How to make MXFP4 Quants
Thanks for all your efforts on MXFP4 MLX quants. Do you have a script for making the quants, or commands I could use? I wouldn't mind making updated versions of other models.
Hey @DatToad , happy to help! You can do this in a one-liner actually. This is the exact command I ran to quantize and upload this model: mlx_lm.convert --hf-path "zerofata/GLM-4.5-Iceblink-v2-106B-A12B" -q --q-mode mxfp4 --q-group-size 32 --upload-repo "beezu/zerofata_GLM-4.5-Iceblink-v2-106B-A12B-MLX-MXFP4".
Note that this is more RAM and GPU intensive than normal quants, and will take longer as well. I'm on a 128GB M3 Max, with the VRAM limit set at 116GB, and I ended up filling the VRAM and using about 10GB of swap space at points during this model's quantization. I had GPU timeouts (causing it to fail mid quantization) a couple of times, likely due to slow swap speeds. What ultimately worked for me was rebooting my Mac, launching the terminal and nothing else, and starting the quantization. Those steps are probably overkill for making mxfp4 quants of smaller models, but I figured I'd mention it to save you some headache if you run into those errors too.

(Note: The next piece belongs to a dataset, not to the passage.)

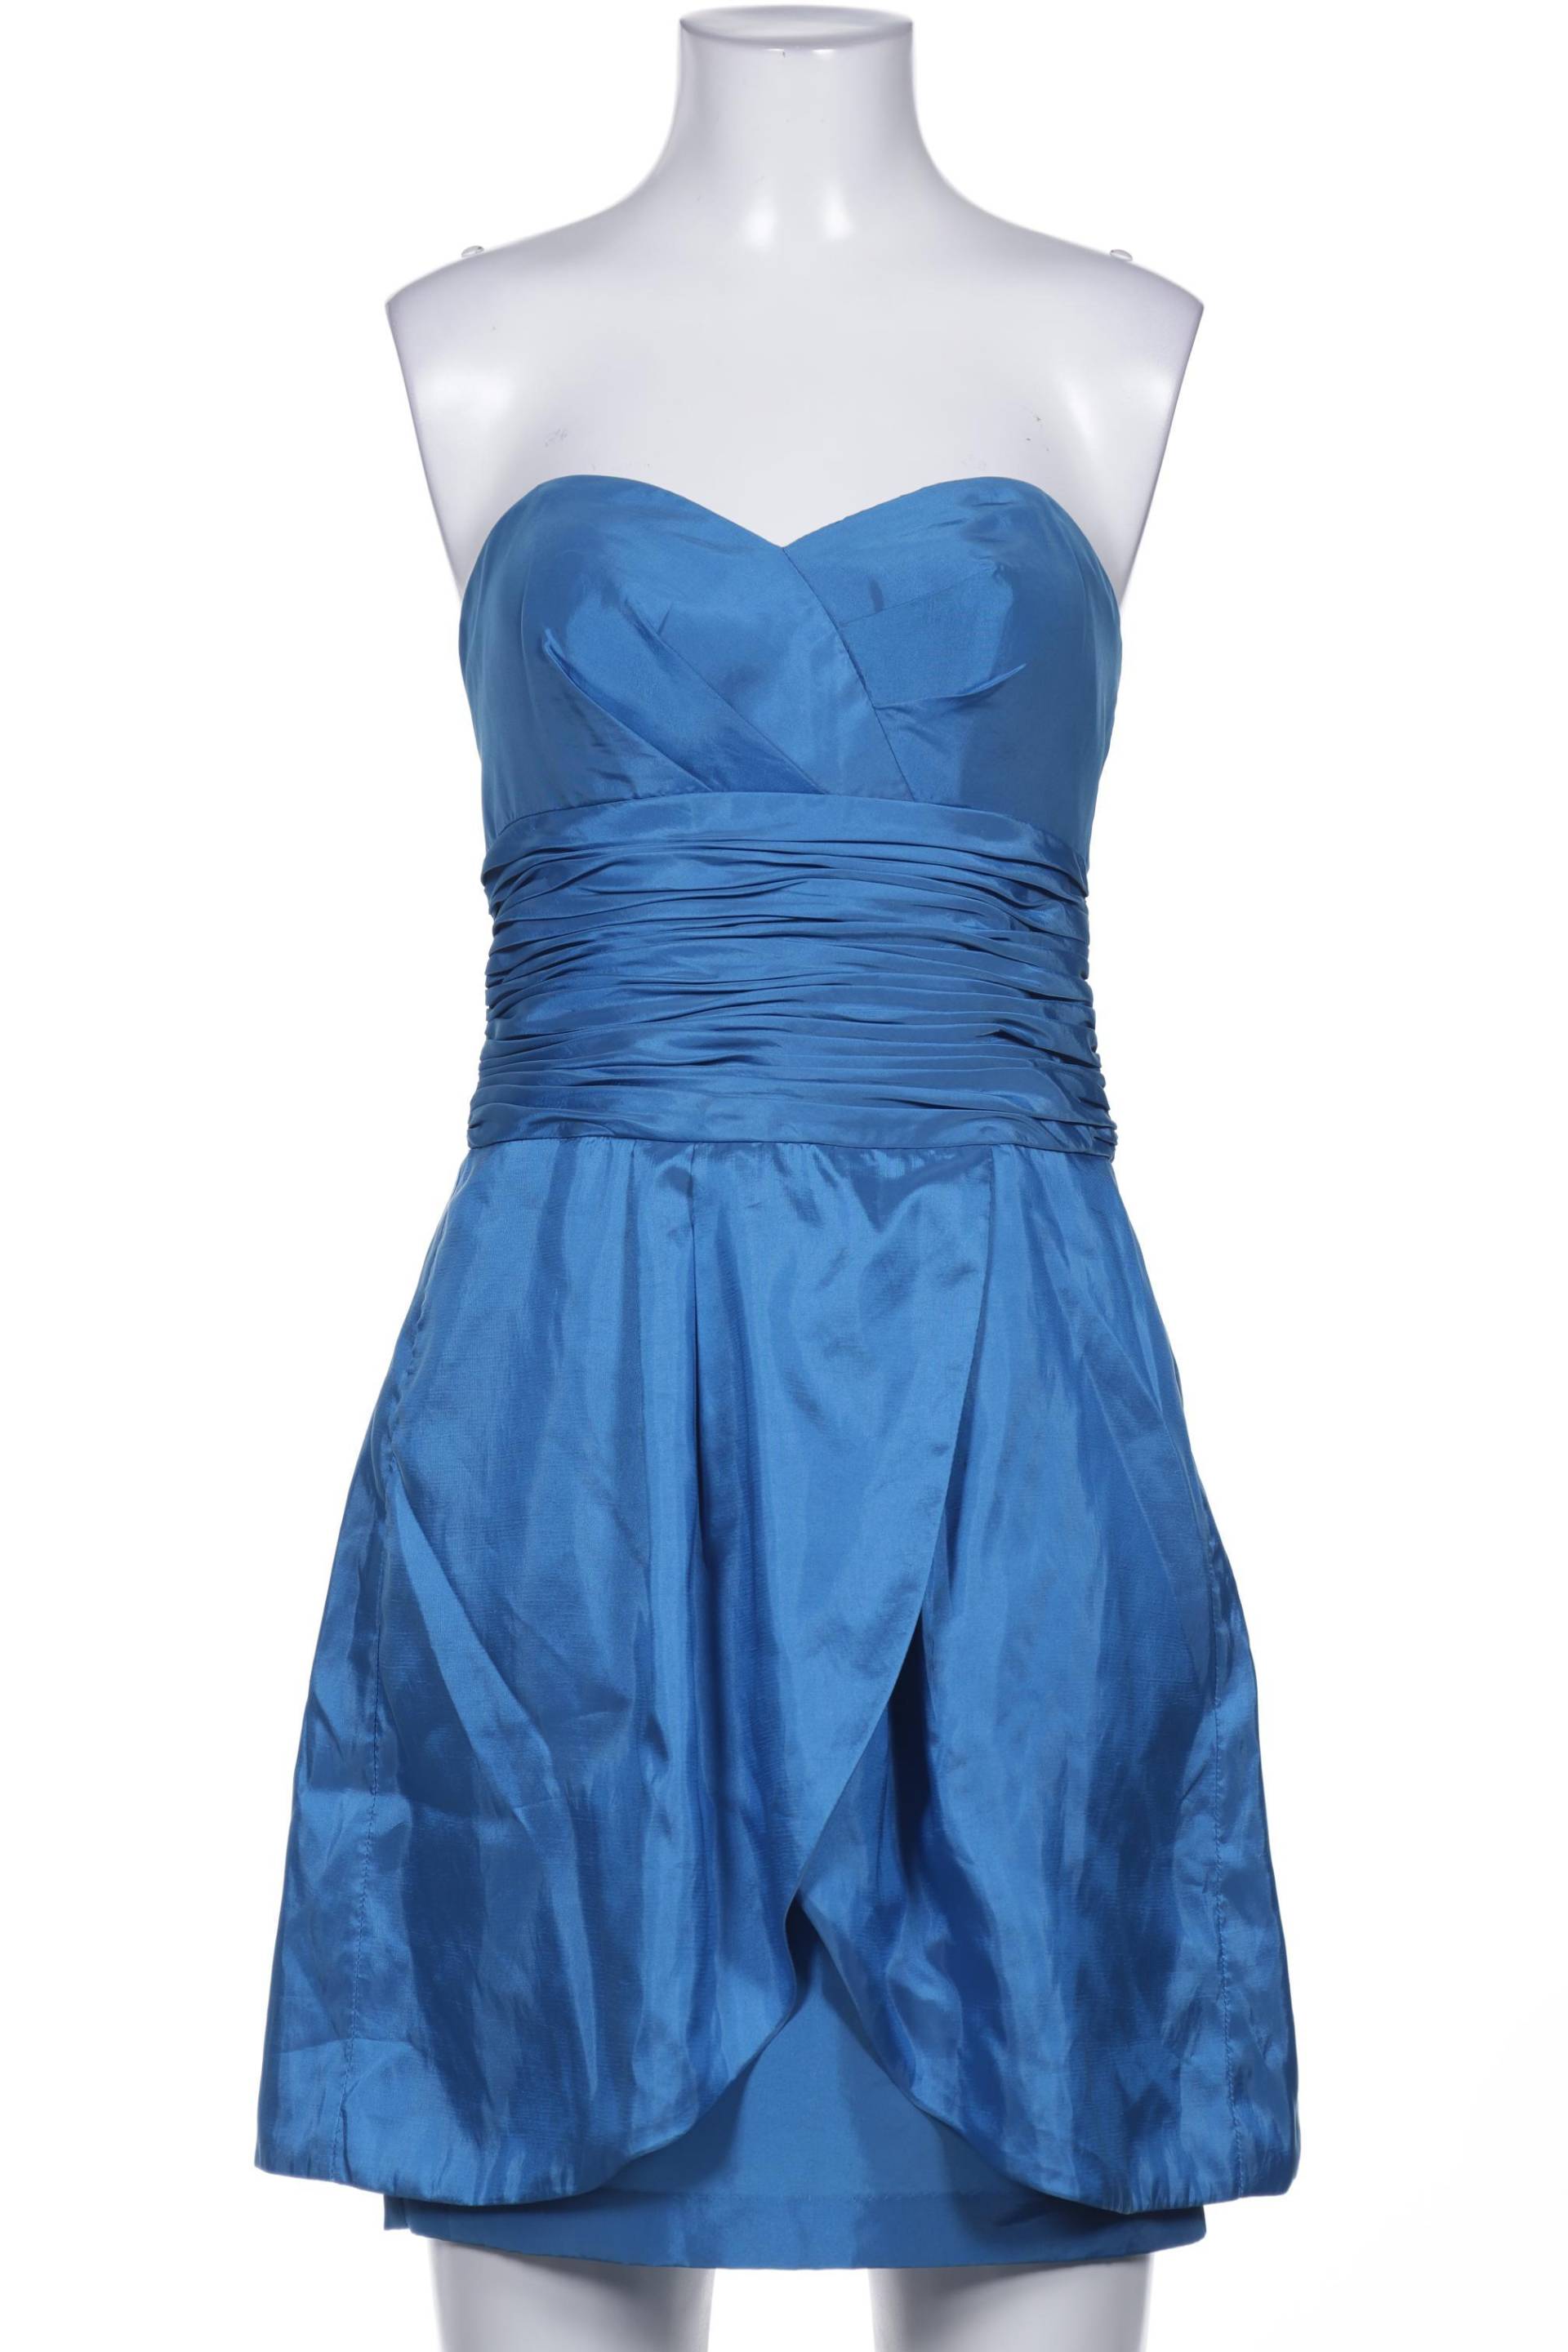 LAONA Damen Kleid, blau von LAONA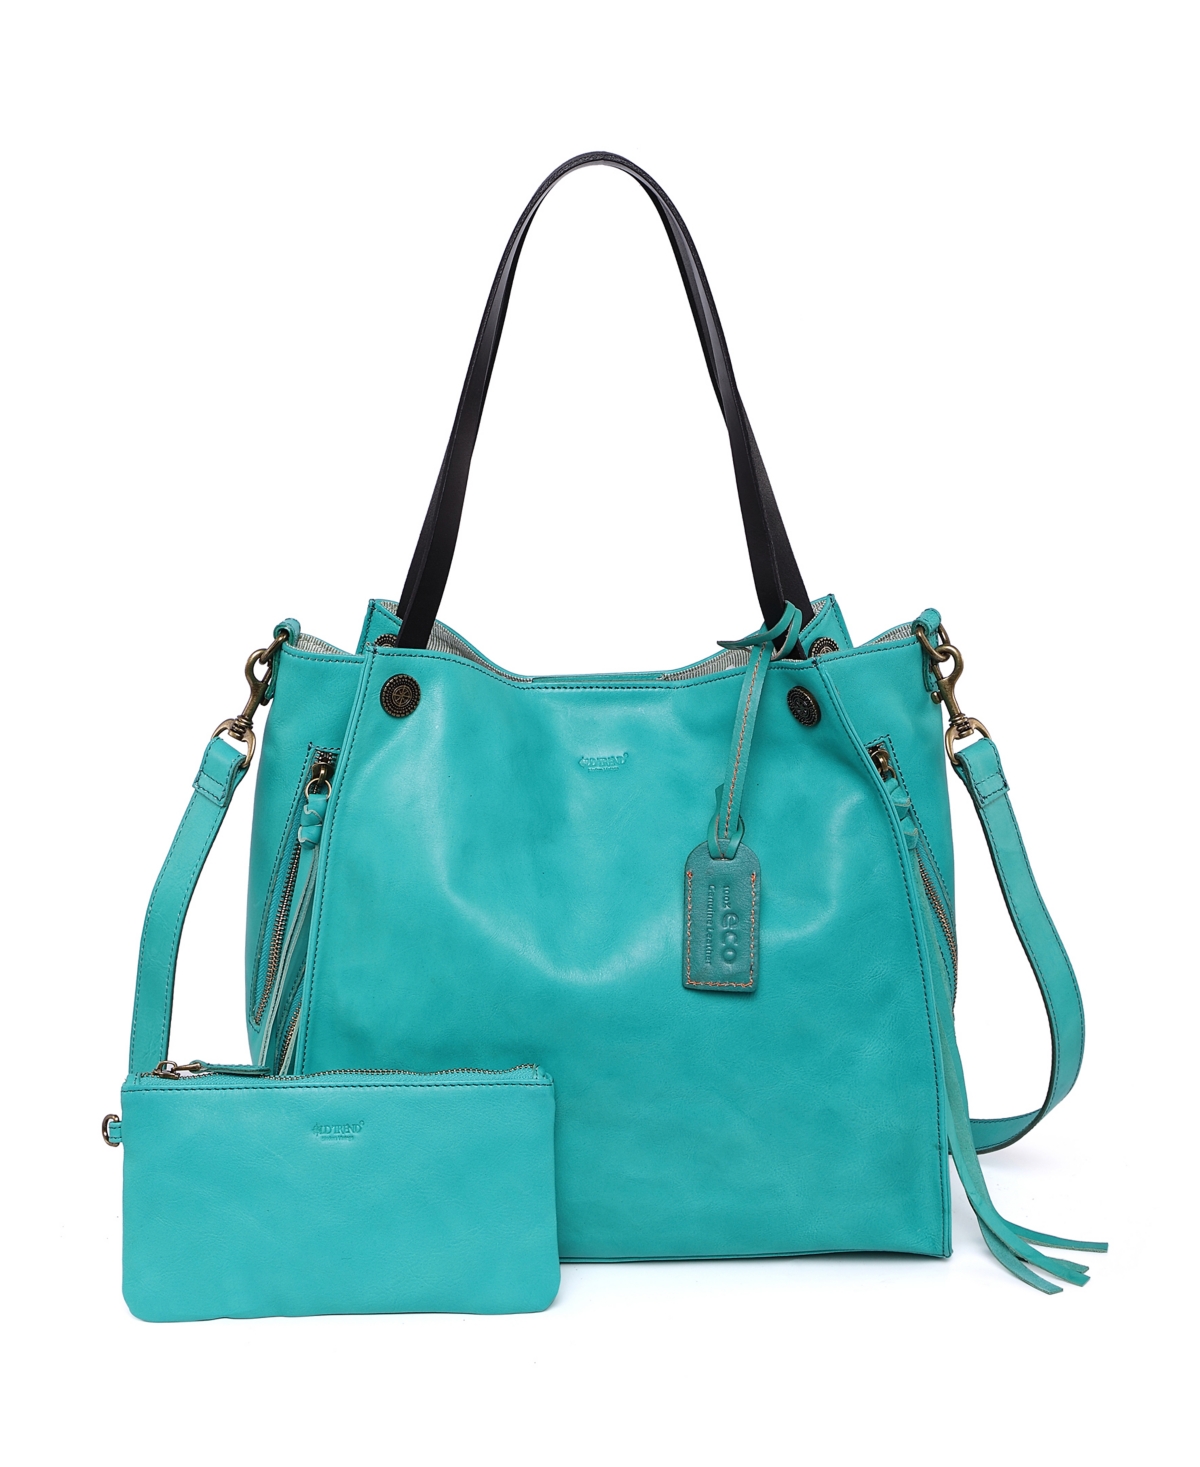 Women's Genuine Leather Daisy Tote Bag - Aqua

I believe quantizations like QX65g are generally mixed quantizations, essentially some layers are given a higher quality quantization than others, like some layers getting 6bit and others getting 5bit for a QX65. Hybrid quantizations like that are a rough equivalent to the GGUF "Q4_K_M" quantizations for the MLX world. I asked someone who makes these hybrid quantizations regularly about all of this over in this discussion thread: https://huggingface.co/nightmedia/unsloth-GLM-4.5-Air-qx64-mlx/discussions/2.
Making these in higher qualities like QX65, QX86, etc, essentially requires a modified version of mlx_lm.convert that adds new --quant-predicate options, since the defaults are what we'd call QX62, QX43, QX63, and QX64. I'm pulling these defaults from running mlx_lm.convert --help, to be clear. I did test things out and it worked, but I stupidly wiped out my modifications in a pip update without backing them up first, and just haven't gotten around to redoing the modifications and testing futher.
As for benchmarks, it's not something I've really explored unfortunately. I wish I could point you to resources for that but I've got nothing at the moment.